In a post-hoc analysis on those SAR patients (N=324, 71.6%) who had ever experienced both ocular and nasal symptoms, the mean number of SFD was fewer than in the overall study population (14.51 ±8.23). Interestingly those patients receiving FP and MF reported fewer SFD than the overall group of patients on these therapies, while patients receiving FF reported a greater number of SFD than the overall group receiving FF (Figures 1 and 3).
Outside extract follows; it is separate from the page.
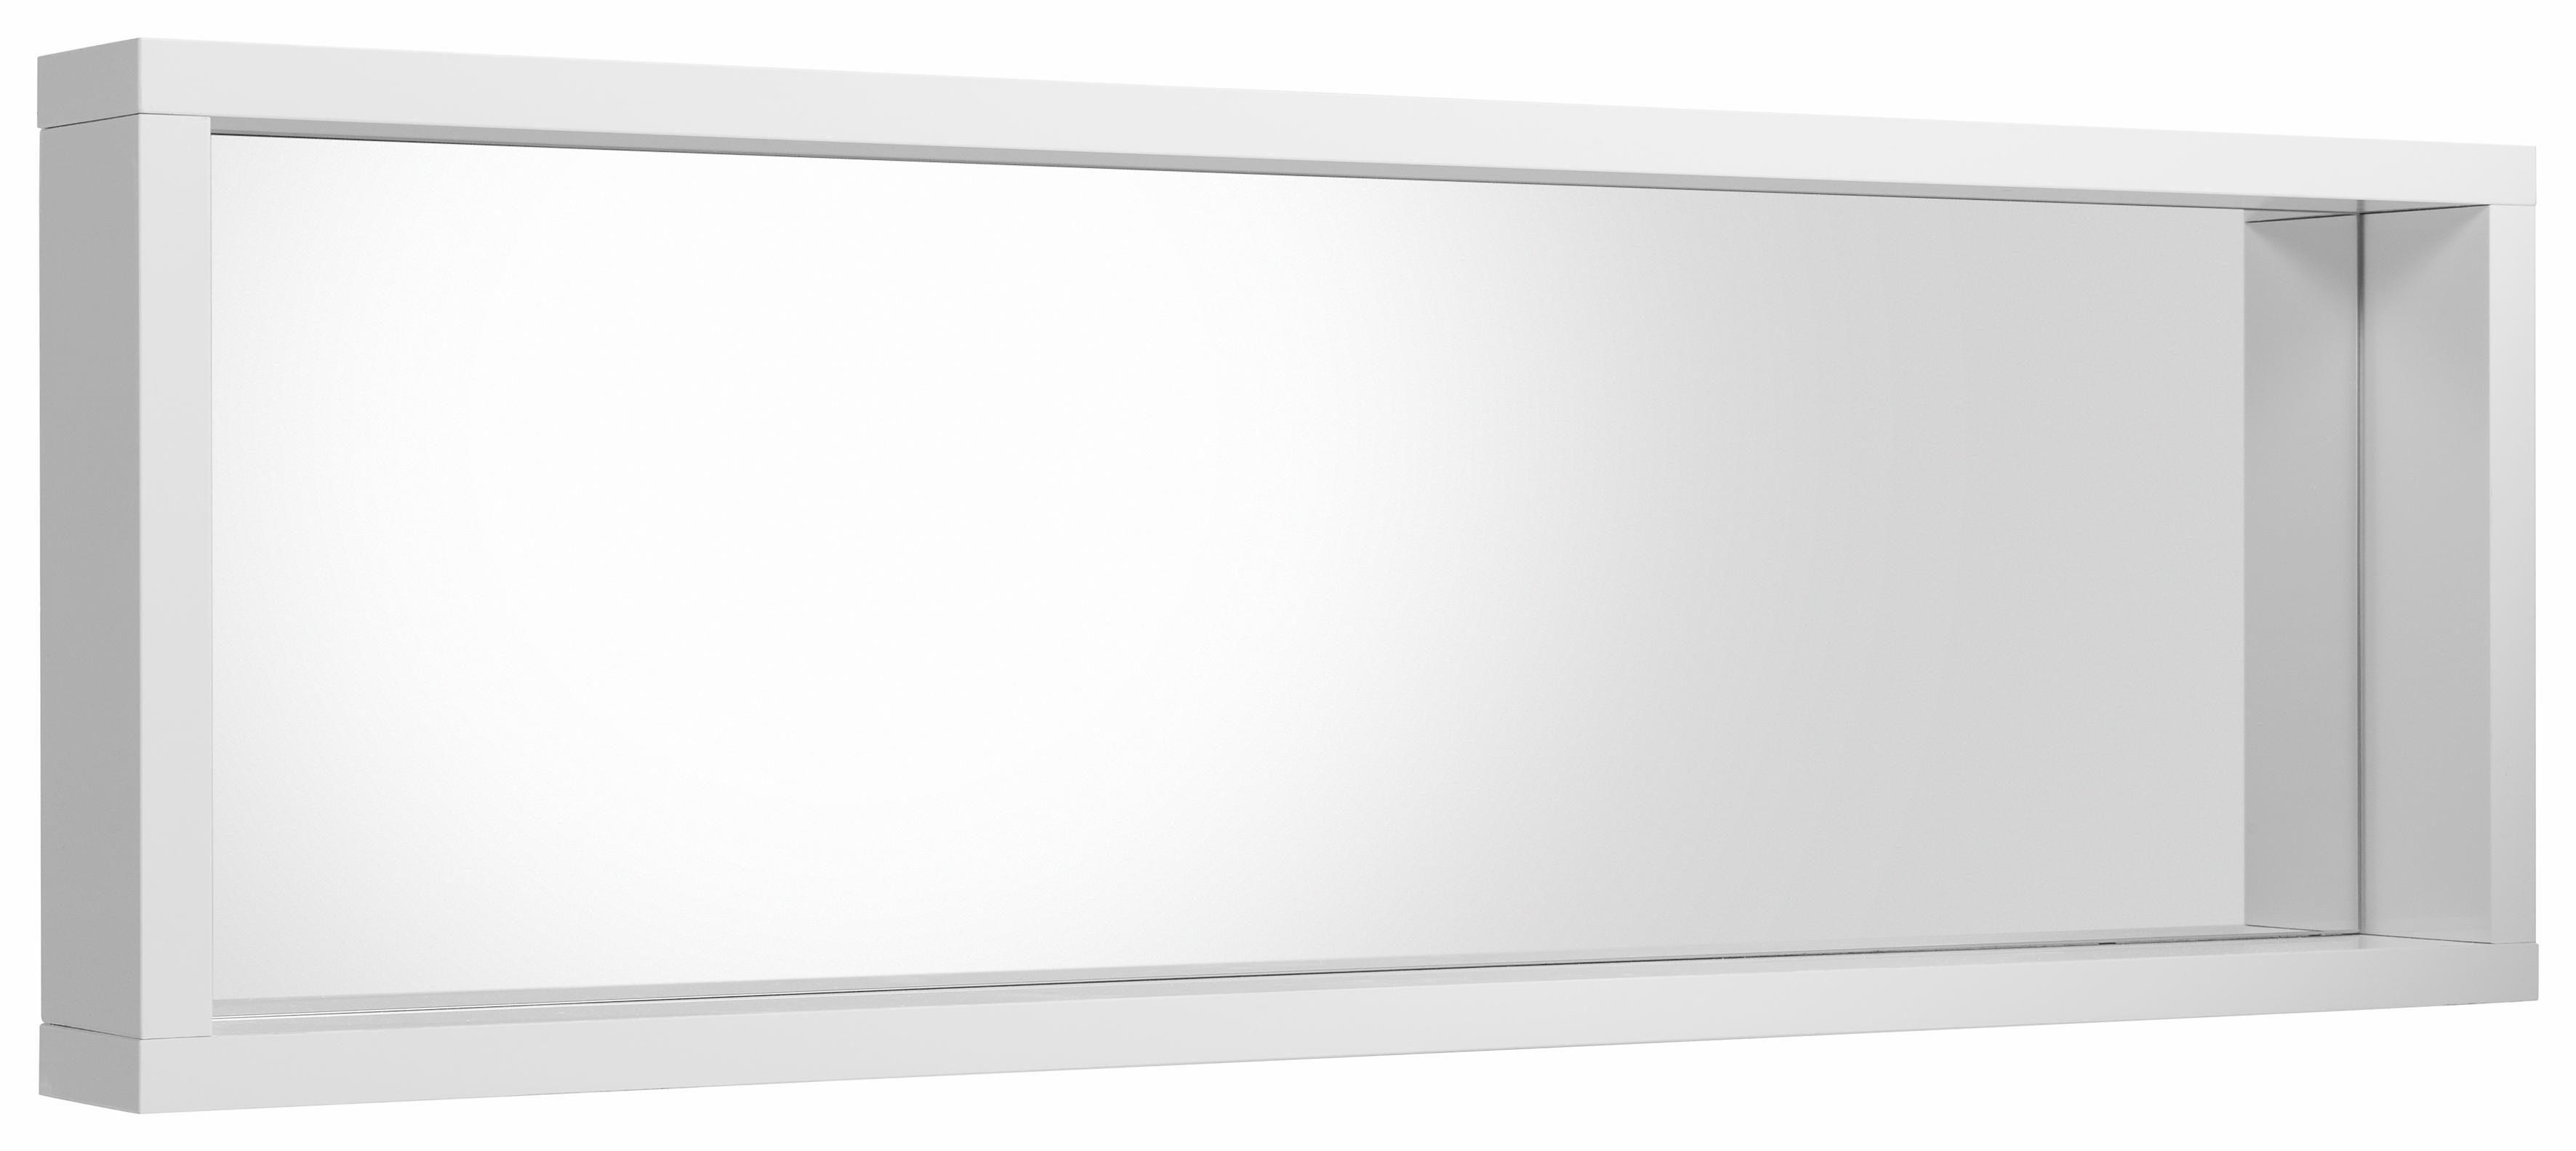 HMW Spiegelpaneel «Spazio«

Patients in this sub-population who were receiving FF were associated with more SFD than FP (adjusted mean difference −2.34, 95% CI [−4.60 to −0.09], p=0.084) and MF (adjusted mean difference 2.90, 95% CI [−5.13 to −0.67], p=0.022). Similarly, patients in this sub-population, and on each therapy, reported worse RQLQ scores than the overall study population (data not shown). Patients on FF reported better QoL than those patients on FP (adjusted mean difference 0.24, 95% CI [−0.04 to 0.52], p=0.184) or MF (adjusted mean difference 0.28, 95% CI [−0.01 to 0.57], p=0.110), but neither of these were statistically significant.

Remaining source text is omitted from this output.